I suppose he is a member of the Emeril generation. Gabe has spent his formative years shopping at the Berkeley Bowl, where over half a dozen varieties of Thanksgiving yams, in lesser mortals, can instill emotional paralysis. He is blessed with a critical eye. “I think Emeril is really cheesy,” he observed the other night while watching a puff pastry segment. “He makes the stupidest jokes. But he cooks really well.”

 

With its manifold indigenous cultures, Oaxaca seemed the perfect place to push boundaries. Like the mole sauces for which it is justly famous, the region itself is a subtle blend of ingredients – from dusty Zapotec villages where Spanish is a second language to the zocalo in colonial Oaxaca, a sophisticated town square brimming with street life and vendors selling twisty, one-story-tall balloons.

 

Appealing to Gabe’s inner Iron Chef seemed like an indirect way to introduce him to a place where the artful approach to life presides.
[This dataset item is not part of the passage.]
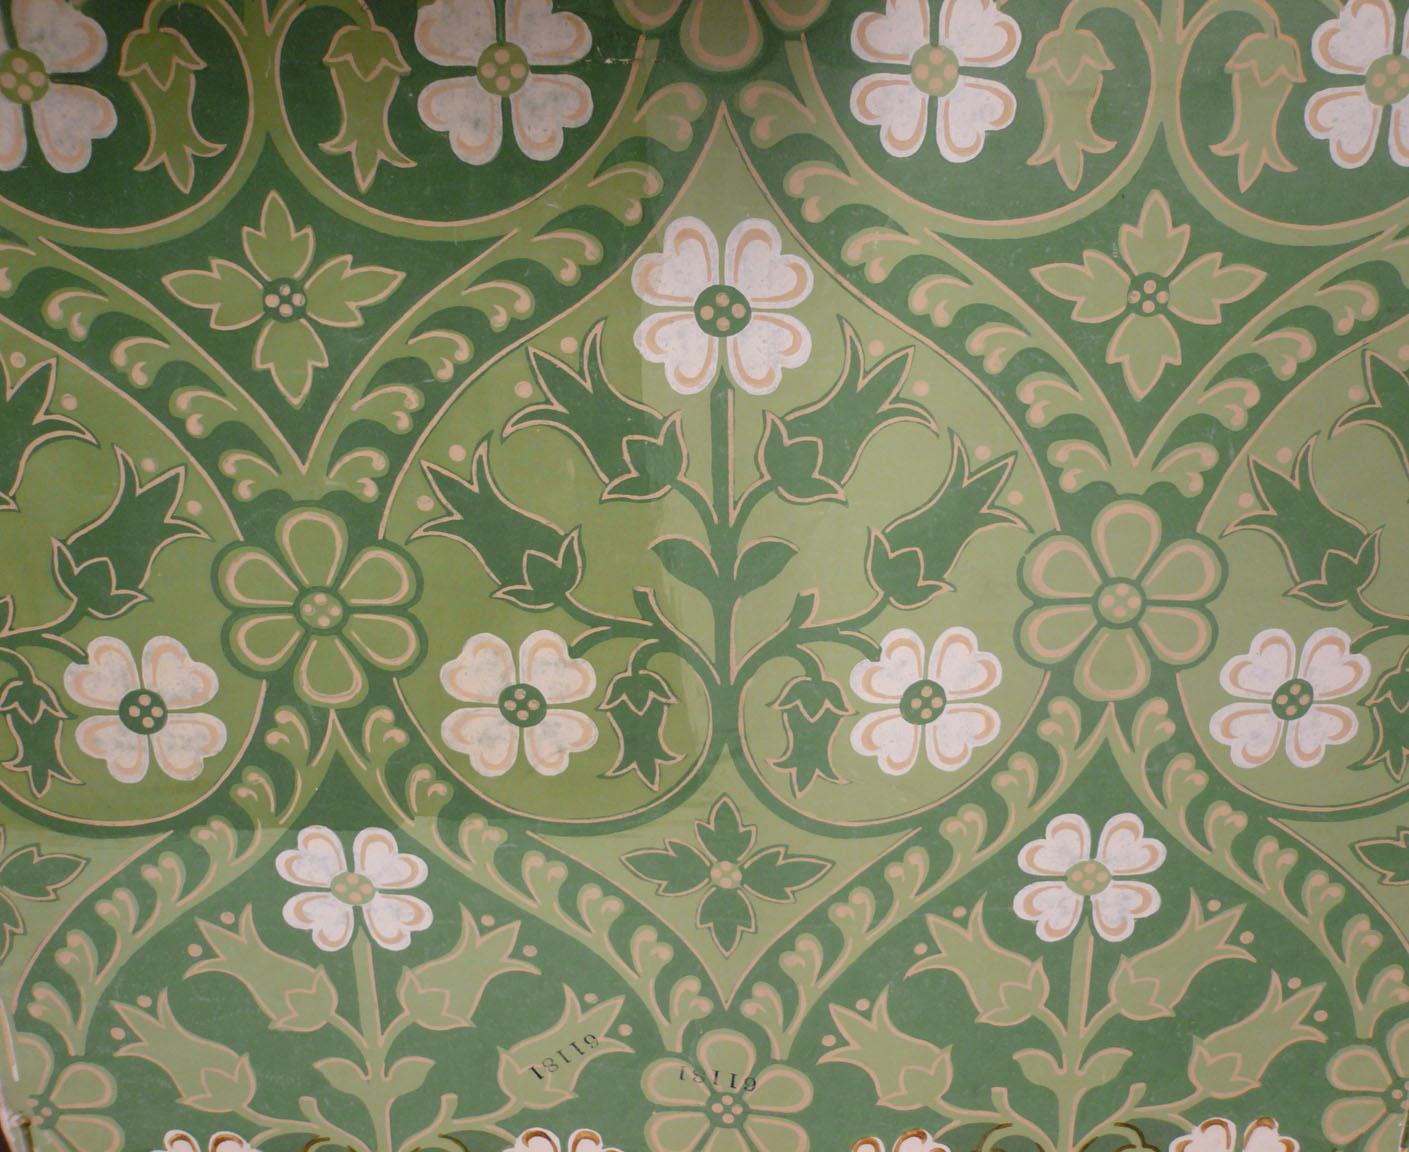 Wallpaper sample (floral) designed by A W N Pugin

There was also a selfish motive: Gabe is my soul mate, a fellow food wanderer who is not above embracing insanity to follow his appetite wherever it leads.

 

Months ahead of time, we enrolled via the Internet in the daylong Wednesday cooking class at Seasons of My Heart, the chef and cookbook author Susana Trilling’s cooking school in the Elta Valley, about a 45-minute drive north to town. In her cookbook and PBS series of the same name, Ms. Trilling, an American whose maternal grandparents were Mexican, calls Oaxaca “the land of no waste” where cooking techniques in some ancient villages have endured for a thousand years.

 

I suspected that the very notion of what constitutes food in Oaxaca would test Gabe’s mettle. At the suggestion of Jacob, his older brother, we spent our second night in Mexico at a Oaxaca Guerrero baseball game, where instead of peanuts and Cracker Jack, vendors hawked huge trays piled high with chapulines, fried grasshoppers cooked in chili and lime, a local delicacy. Gabe was bug-eyed as he watched the man next to him snack on exoskeletal munchies in a paper bowl. “It’s probably less gross than a hot dog,” he admitted. “But on the rim of the bowl I saw a bunch of legs and served body parts. That’s revolting!”

 

Our cooking day began at the Wednesday market in Etla, shopping for ingredients and sampling as we went. On the way in the van, Gabe had made friends with Cindy and Fred Beams, fellow classmates from Boston, sharing opinions about Caesar salad and bemoaning his brother’s preference for plain pizza instead of Hawaiian. Cindy told Gabe about a delicious sauce she’d just had on her omelet at her B & B. “It was the best sauce – to die for,” she said. “Then I found out the provenance. Roasted worms.”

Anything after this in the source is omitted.